Brain Tumor Center, Division of Experimental Hematology and Cancer Biology, Cincinnati Children's Hospital Medical Center, Cincinnati, OH 45229, USA.
Department of Pediatrics, College of Medicine, University of Cincinnati, Cincinnati, OH 45229, USA.
Genes (Basel). 2019 Aug 9;10(8):602. doi: 10.3390/genes10080602.

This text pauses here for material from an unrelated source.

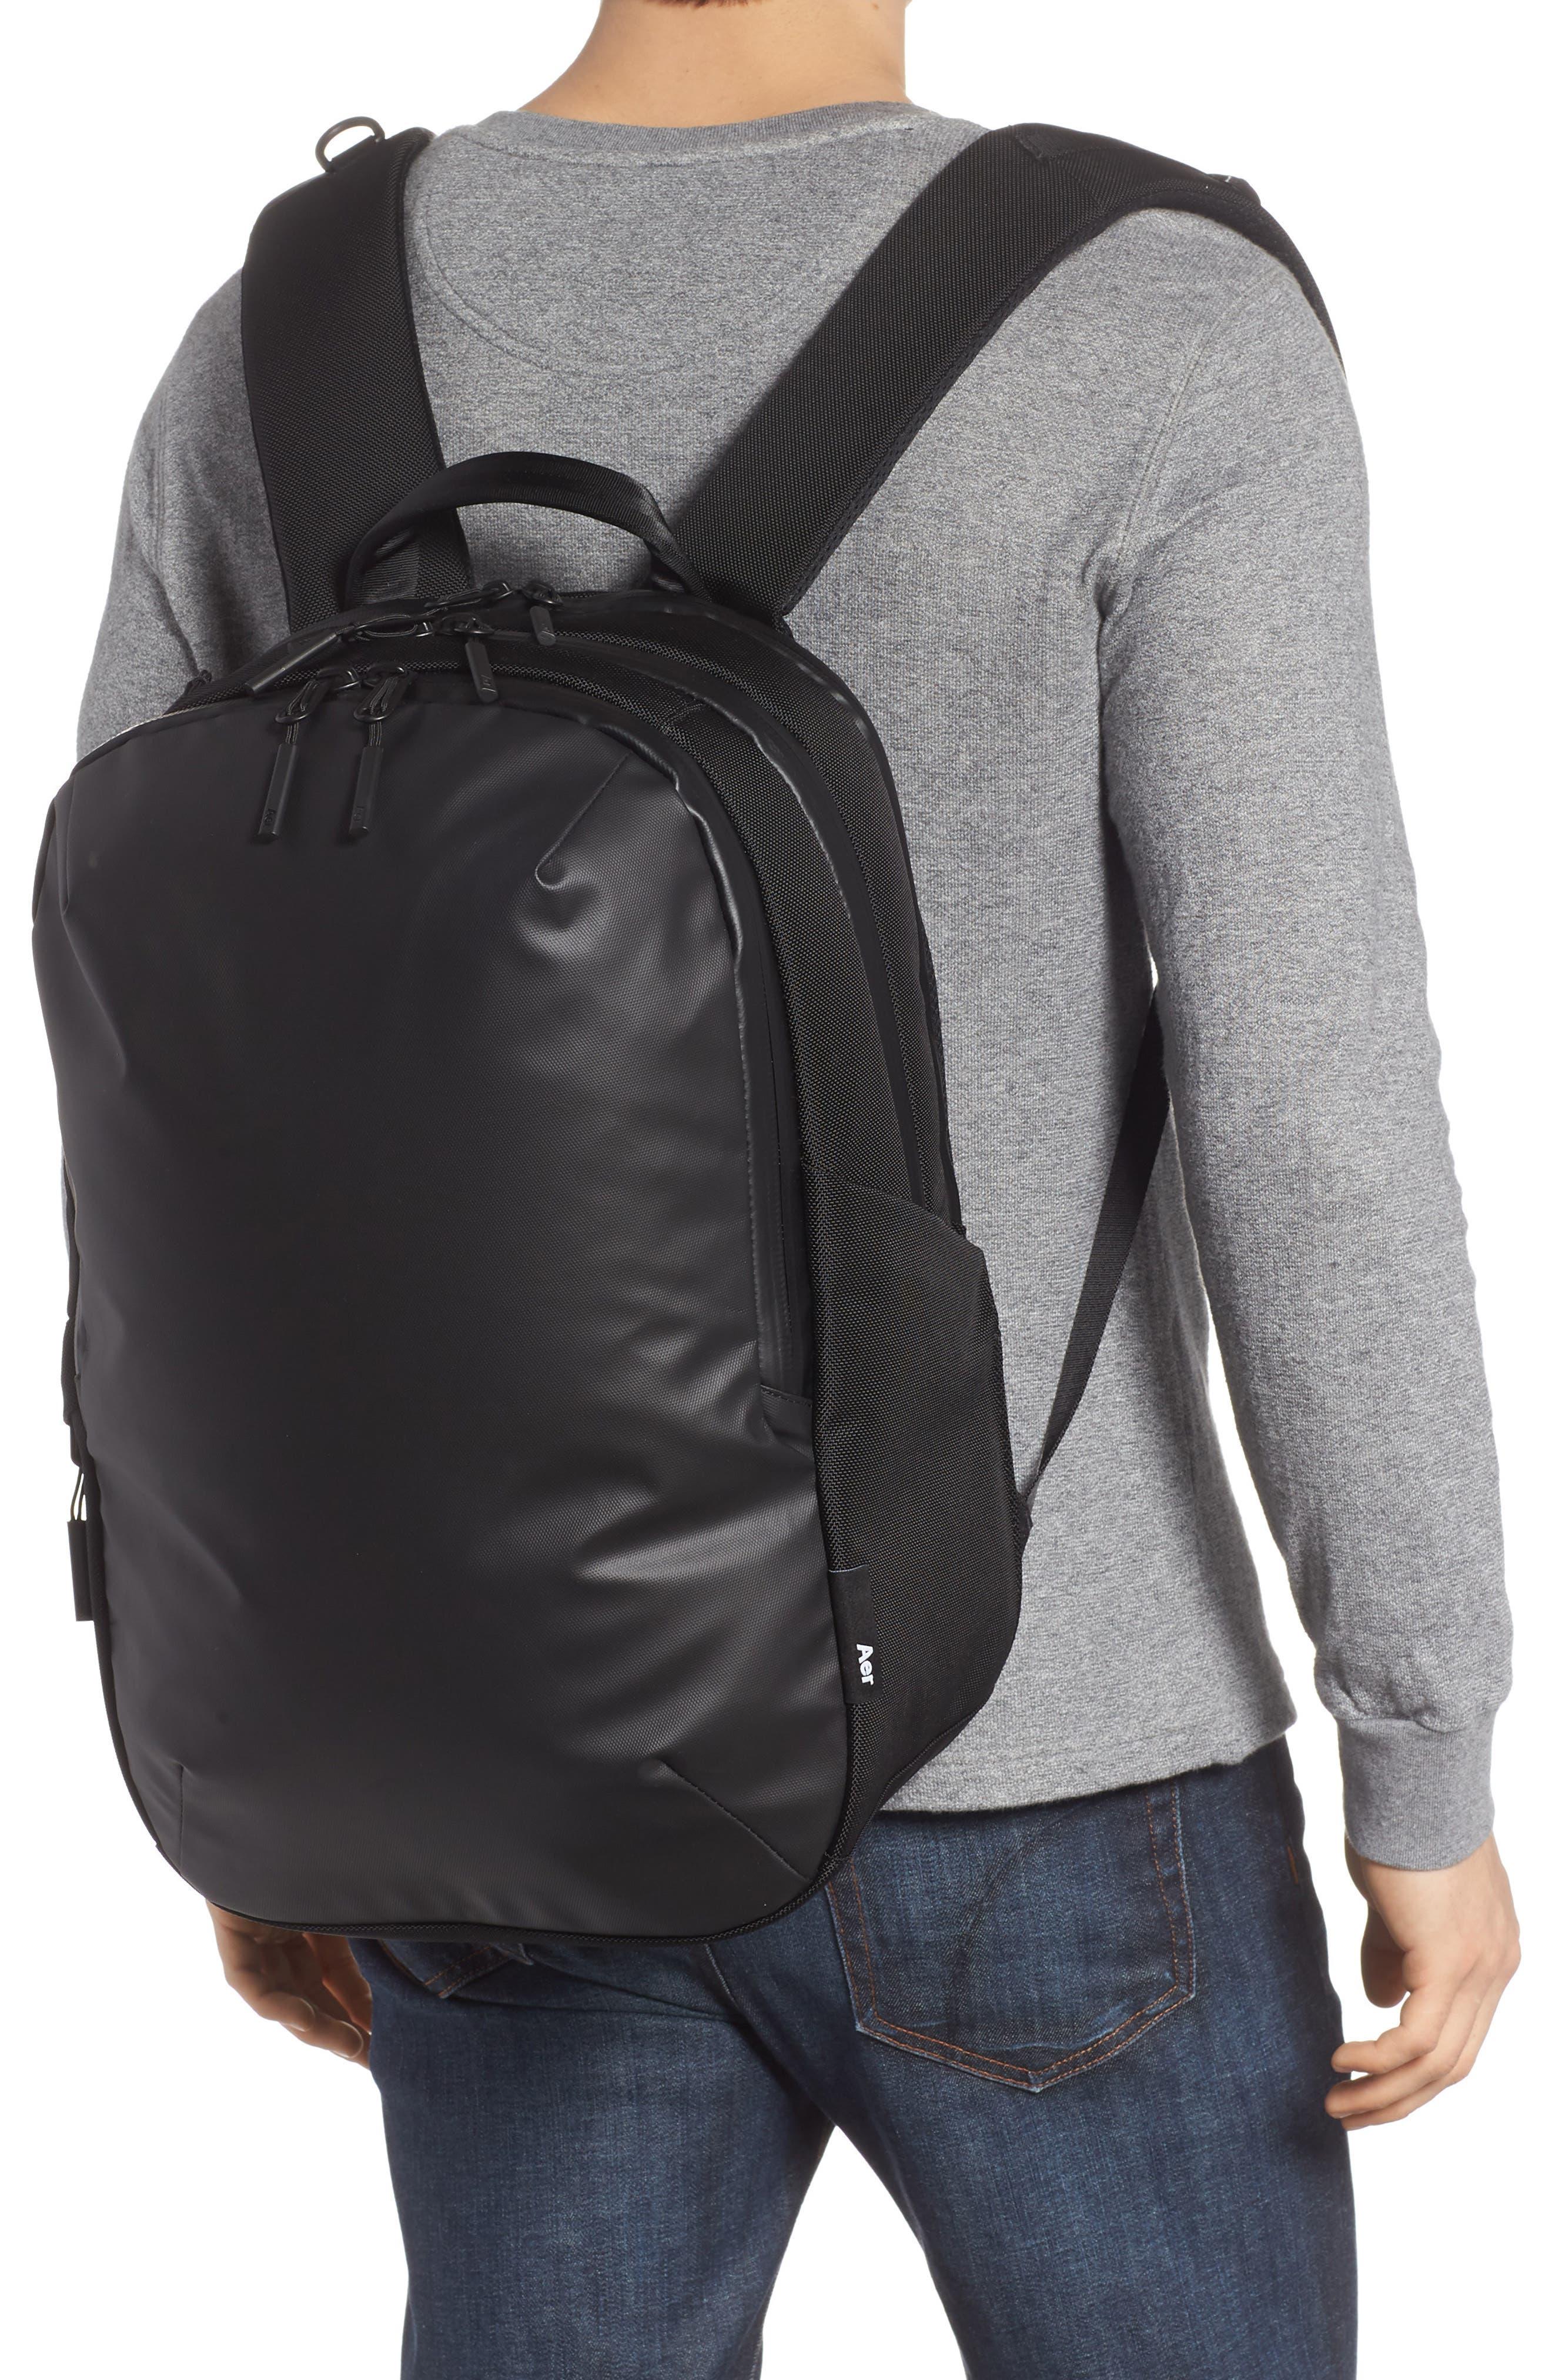 Tech Backpack,                             Alternate thumbnail 2, color,                             001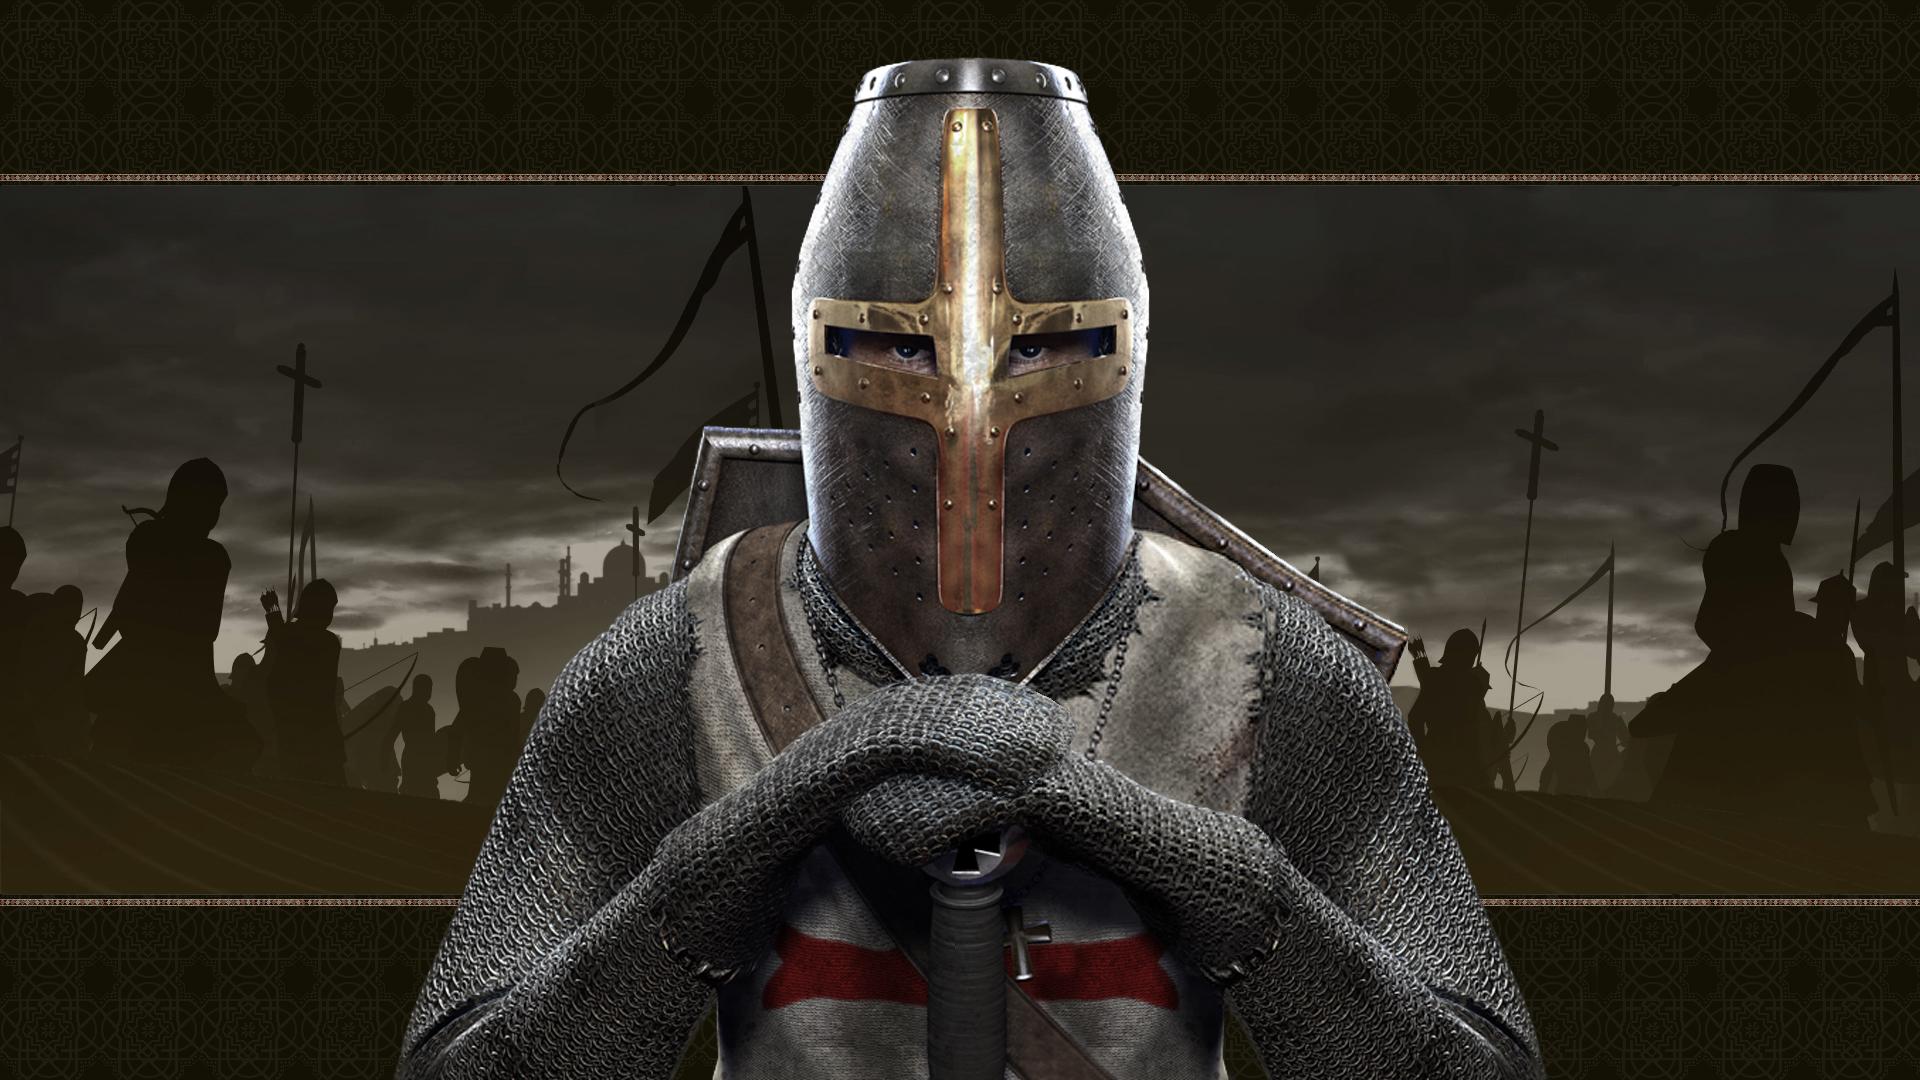 Crusader Knight Computer Wallpapers Desktop Backgrounds 1920x1080 1920x1080

With the advances in different biological networks including gene regulation, gene co-expression, protein-protein interaction networks, and advanced approaches for network reconstruction, analysis, and interpretation, it is possible to discover reliable and accurate molecular network-based biomarkers for monitoring cancer treatment. Such efforts will also pave the way toward the realization of biomarker-driven personalized medicine against cancer. Previously, we have reconstructed disease-specific driver signaling networks using multi-omics profiles and cancer signaling pathway data. In this study, we developed a network-based sparse Bayesian machine (NBSBM) approach, using previously derived disease-specific driver signaling networks to predict cancer cell responses to drugs. NBSBM made use of the information encoded in a disease-specific (differentially expressed) network to improve its prediction performance in problems with a reduced amount of training data and a very high-dimensional feature space. Sparsity in NBSBM is favored by a spike and slab prior distribution, which is combined with a Markov random field prior that encodes the network of feature dependencies. Gene features that are connected in the network are assumed to be both relevant and irrelevant to drug responses. We compared the proposed method with network-based support vector machine (NBSVM) approaches and found that the NBSBM approach could achieve much better accuracy than the other two NBSVM methods. The gene modules selected from the disease-specific driver networks for predicting drug sensitivity might be directly involved in drug sensitivity or resistance. This work provides a disease-specific network-based drug sensitivity prediction approach and can uncover the potential mechanisms of the action of drugs by selecting the most predictive sub-networks from the disease-specific network.
随着不同生物网络(包括基因调控、基因共表达、蛋白质-蛋白质相互作用网络以及用于网络重构、分析和解释的先进方法)的进步,有可能发现可靠且准确的基于分子网络的生物标志物,以监测癌症治疗。这些努力也将为实现基于生物标志物的癌症个性化医疗铺平道路。之前,我们已经使用多组学图谱和癌症信号通路数据重建了疾病特异性驱动信号网络。在这项研究中,我们开发了一种基于网络的稀疏贝叶斯机(NBSBM)方法,使用之前推导的疾病特异性驱动信号网络来预测癌细胞对药物的反应。NBSBM 利用疾病特异性(差异表达)网络中编码的信息来提高其在训练数据量减少且特征空间非常高维的问题中的预测性能。NBSBM 的稀疏性受到尖峰和板条先验分布的青睐,该分布与编码特征依赖性网络的马尔可夫随机场先验相结合。在网络中连接的基因特征被假定为与药物反应既相关又不相关。我们将所提出的方法与基于网络的支持向量机(NBSVM)方法进行了比较,发现 NBSBM 方法可以比其他两种 NBSVM 方法实现更高的准确性。从疾病特异性驱动网络中选择用于预测药物敏感性的基因模块可能直接参与药物敏感性或耐药性。这项工作提供了一种基于疾病特异性网络的药物敏感性预测方法,通过从疾病特异性网络中选择最具预测性的子网络,可以揭示药物作用的潜在机制。